Group 7 – Good use of bullet points and images to clearly show the stages that occur during development. Table is effective at showing the visible anatomical details at different weeks. More work needs to be done on the spinal cord development and meninges development sections. The references in the current research models and findings need to be expanded or put into the references section at the end.

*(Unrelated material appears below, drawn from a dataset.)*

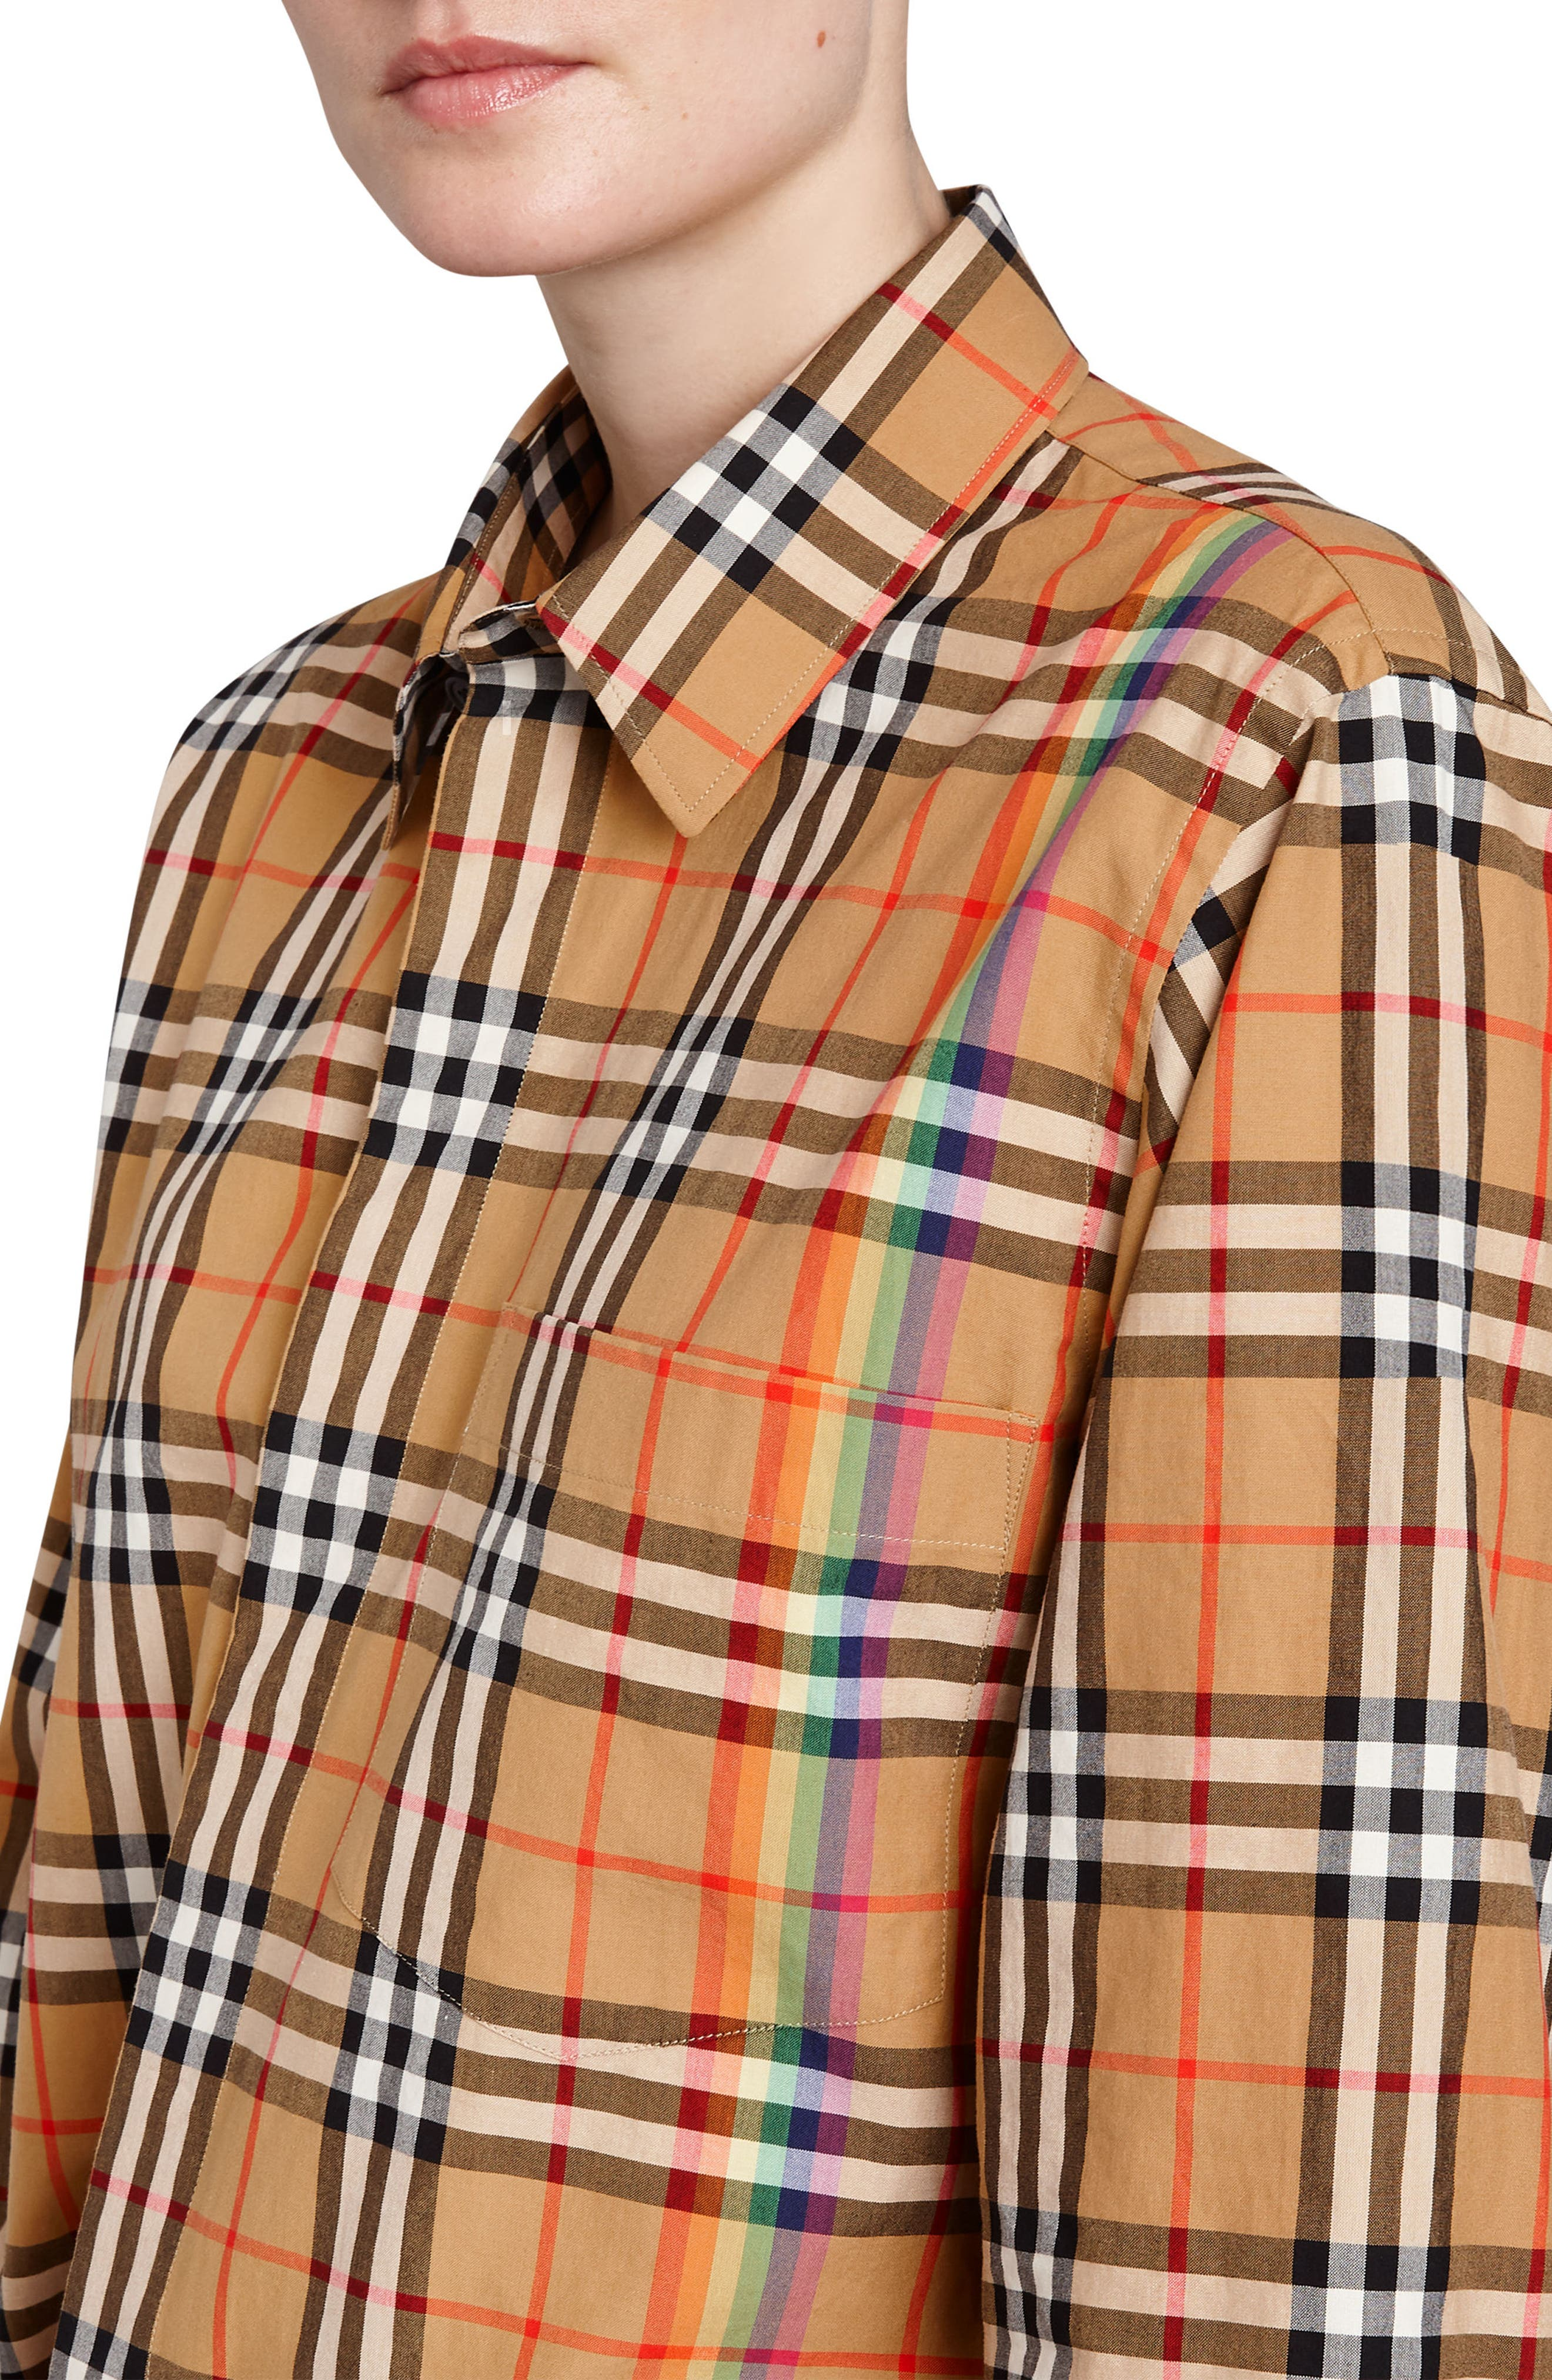 BURBERRY,                             Rainbow Check Shirt,                             Alternate thumbnail 4, color,                             254
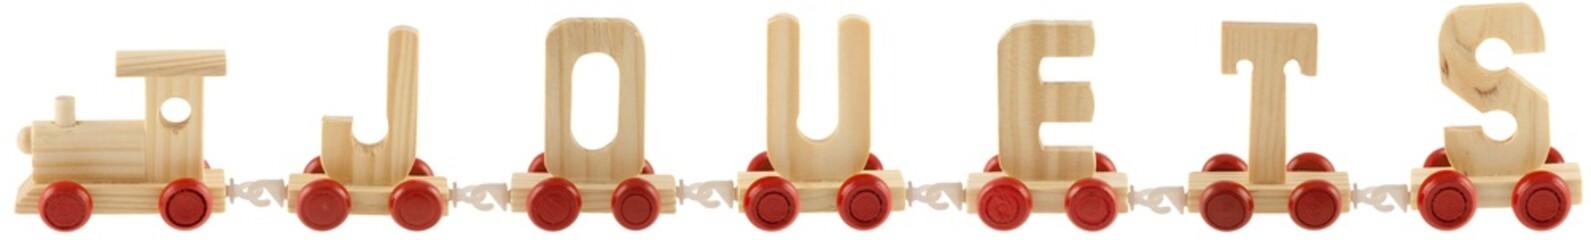 train jouets, fond blanc

Group 8 – The project is split up into different sections well but you need to include an introduction to your project. Really good information and references but use bullet points and diagrams to break up the text so that it is easier to read. There is good information on DMD but you could possibly write about another abnormality linked to muscle development.
Lab Assessment 10
<pubmed>24803588</pubmed>
Taste receptor cells detect chemicals that are in the oral cavity and the information is passed to the brain as an output signal. The taste receptors cells mediate the sense of taste and they located in taste buds, each taste bud contains 50-150 taste receptor cells. On the tongue there are distinct areas called papillae where the taste buds are present; there are three different papillae, the fungiform papillae, the circumvallate (CV) papillae and the foliate papillae. This study focuses on the development of the circumvallate (CV) papillae and the factors that control the developmental pathway. It has been found that the development of CV taste placodes is linked to the expression of the transcription factor Wilms' tumor 1 (WT1). Mice with WT1 knockout have defects in the development of CV papillae.
In this experiment WT1-KO mice were used, out of the 263 embryos only 7 survived to birth. qPCR and ChIP experiments were done on taste-enriched tissues from the back half of the tongues at stage E15.5. For the P0 mice taste samples were taken from the epithelium layer of the tongue and these were also analysed. Taste buds from adult mice were also analysed.
The study found that WT1 is needed in order for the normal expression of Ptch1and Lef1 for CV papillae development. It was also found that SOX2 expression is disturbed when there is an absence of WT1; SOX2 is needed for the development of the placode in the fungiform papillae. WT1 is expressed in adult taste buds which suggest that WT1 is needed for the formation and maintenance of taste cells. In addition WT1 is also need to regulate the expression of BMP4 in embryonic taste cells.